One of my colleague asked me about how he can write better SQL. Despite he is a java developer, I appreciate his will to understand database. When I said, “I really can not teach you this in ten minutes”, he lost his will. Any way, Lets talk about 10053 trace file. Oracle dumbs its execution path of optimizer on runtime to disk. It is a human readable document, but not so “user-friendly”. No problem, I like “developer-friendly” programs. If I want to join two tables in SQL, what will oracle do? Well it has some abilities to join, compares these ways, and selects the best execution path. Once upon a time, in the ancient days when I was learning html-16 years old, Oracle used to look at tables and look at SQL and without making a comparison between its execution paths, picks up one of the execution plans based on a decision tree, called RuleBasedOptimizer. Now it is dead, CostBasedOptimizer is the king. 10053 has many text about behavior of CBO. There are 3 main ways to join tables.

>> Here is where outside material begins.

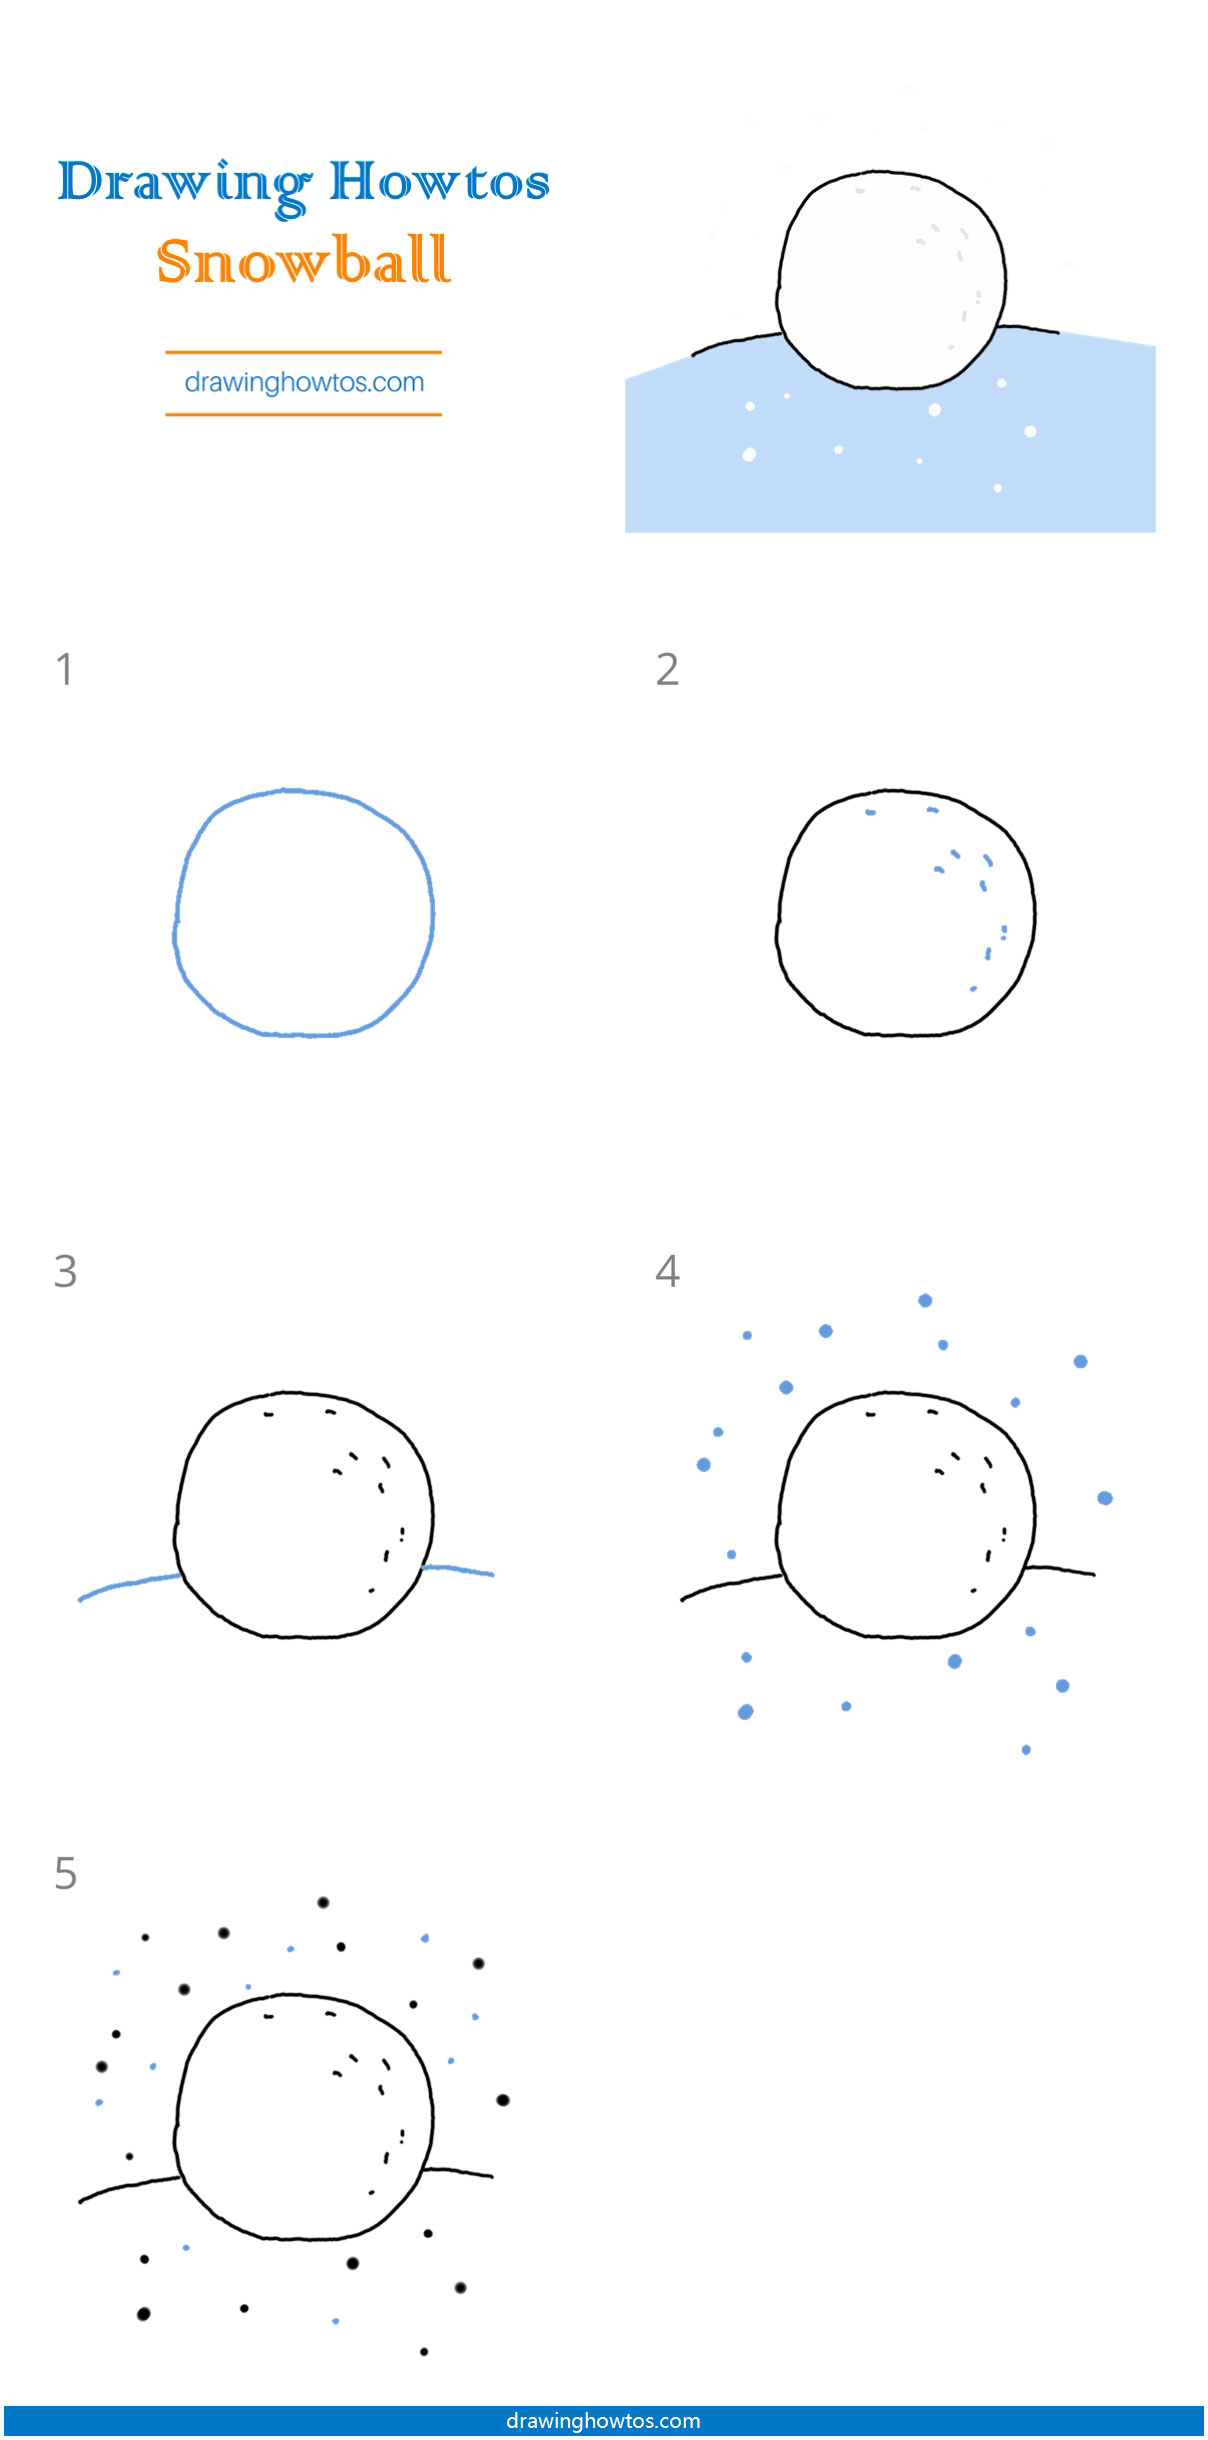 How to Draw a Snowball Step by Step

First is nested loop. For each row in first table, go and find a matched pair in second table. How we reach each tables? Well, it really depends on table type, index type, data characteristic, clustering factor, using histogram or not, update or out of date statistical data about tables, server parameters like, having asynchronous I/O, single datablock read count, multiple datablock read count, current workload etc… Nested loop is commonly used way to join tables.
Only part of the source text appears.